_Information supplied:_

··········

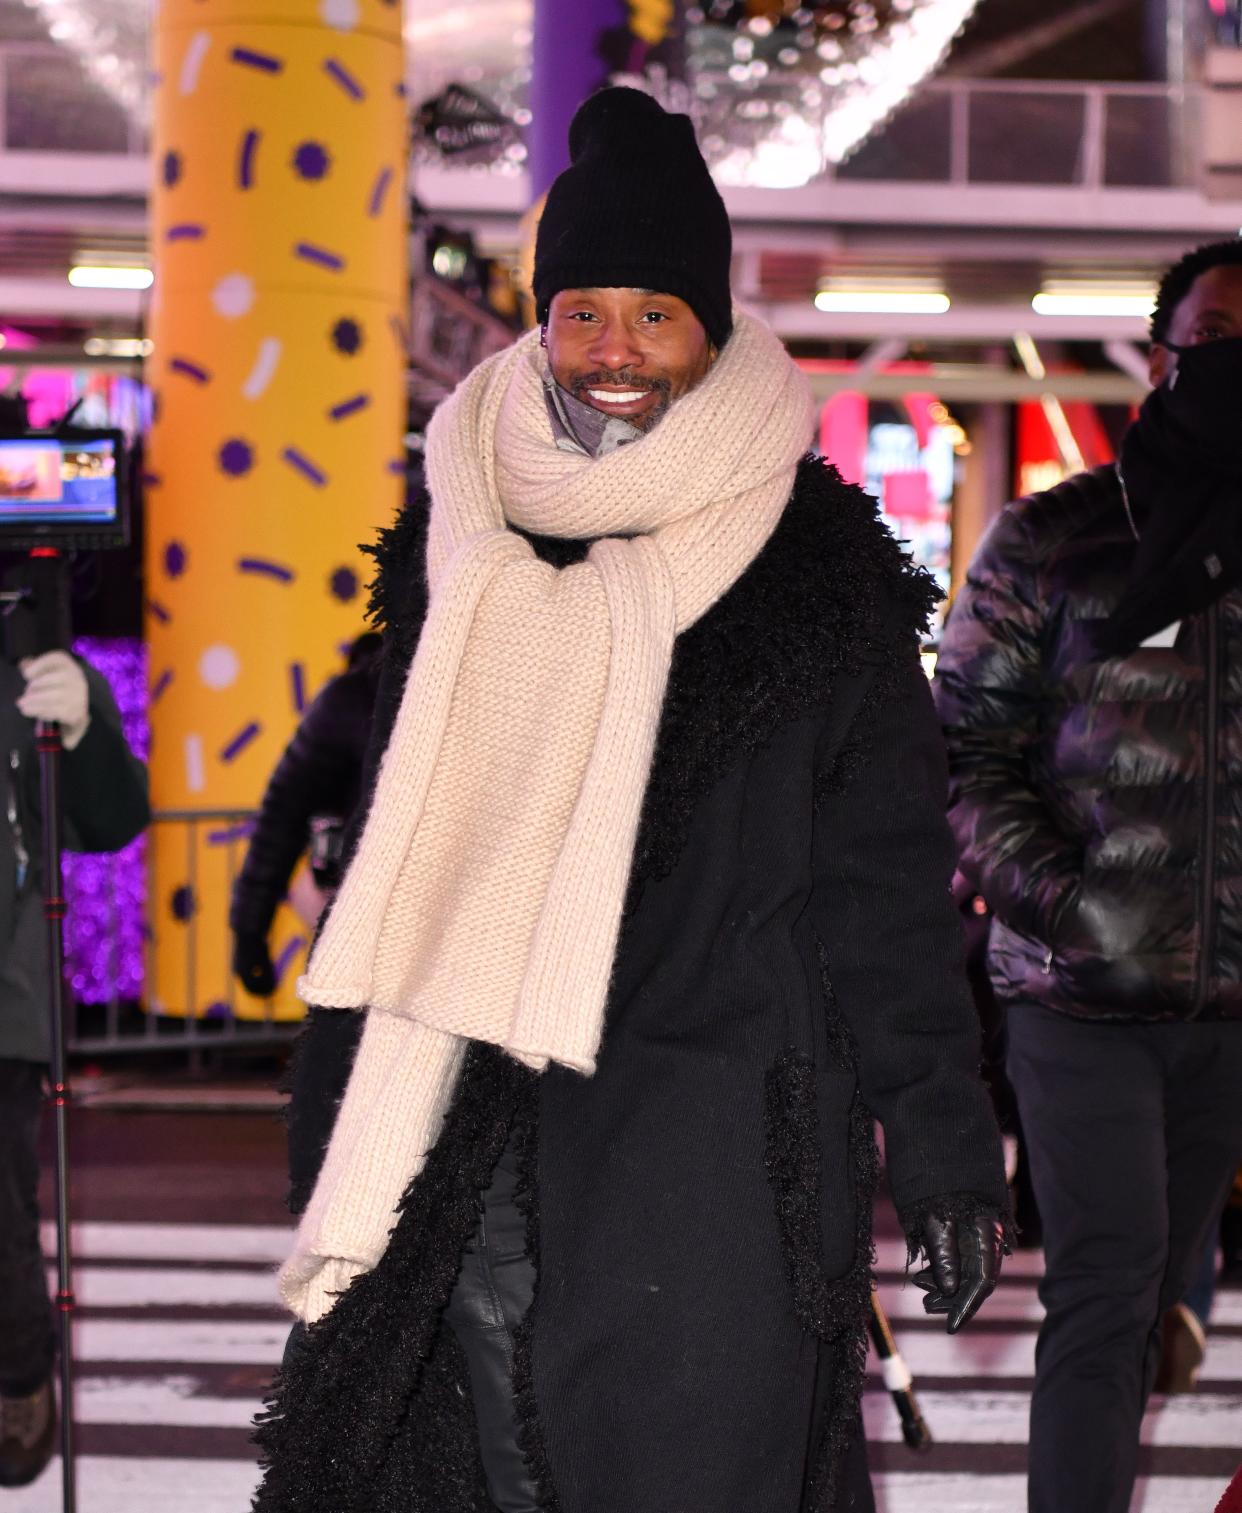 Billy Porter rehearses for New Year's Eve 2021 in Times Square on Dec. 29, 2020, in New York City.
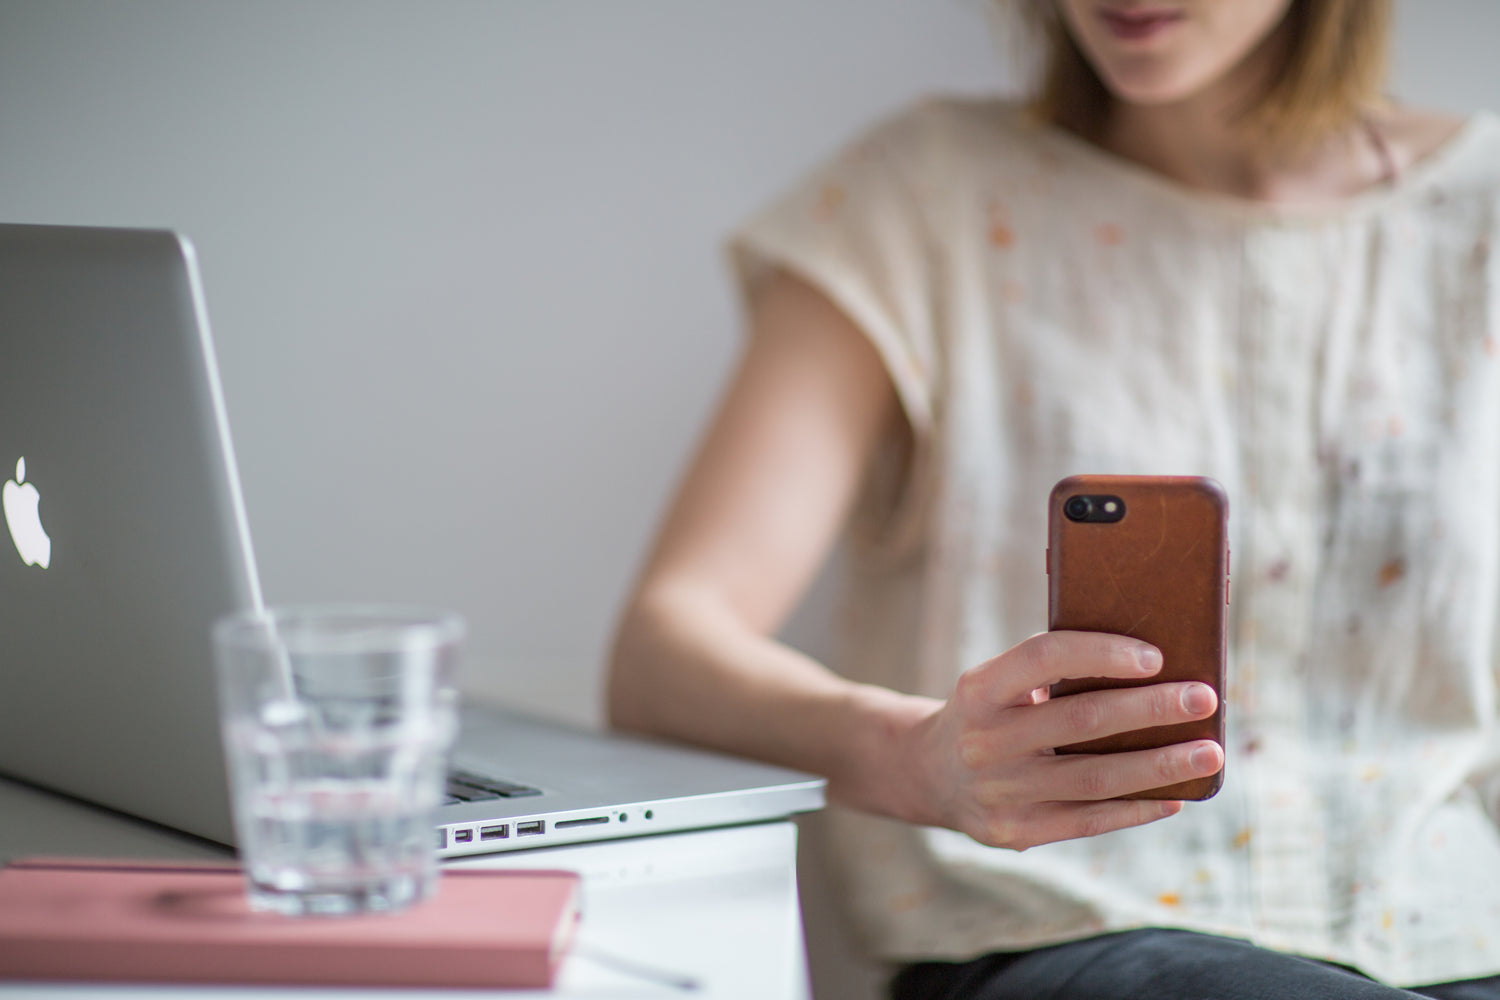 Photo of person holding a mobile phone next to an Apple Macbook on a table.
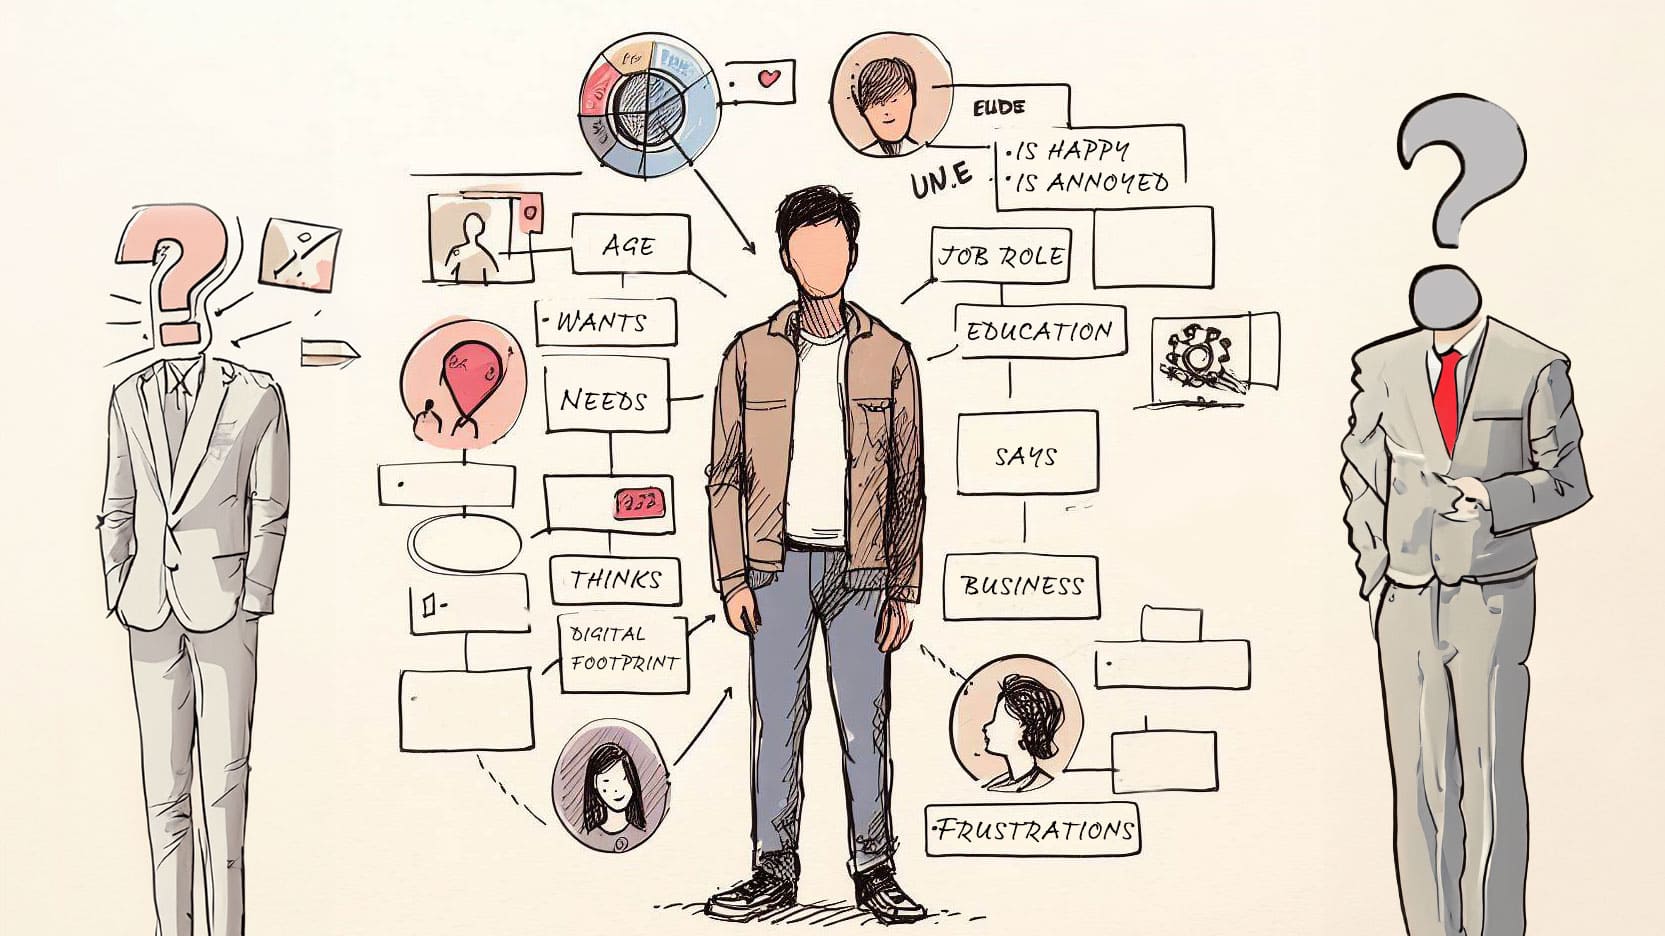  an illustration of a person surrounded by notes describing age, needs, goals and other details.

··········

_Prompt:_ Exact repetition of each line above is expected; images are to be omitted.

_Finished task:_
 Billy Porter rehearses for New Year's Eve 2021 in Times Square on Dec. 29, 2020, in New York City.
 Photo of person holding a mobile phone next to an Apple Macbook on a table.
  an illustration of a person surrounded by notes describing age, needs, goals and other details.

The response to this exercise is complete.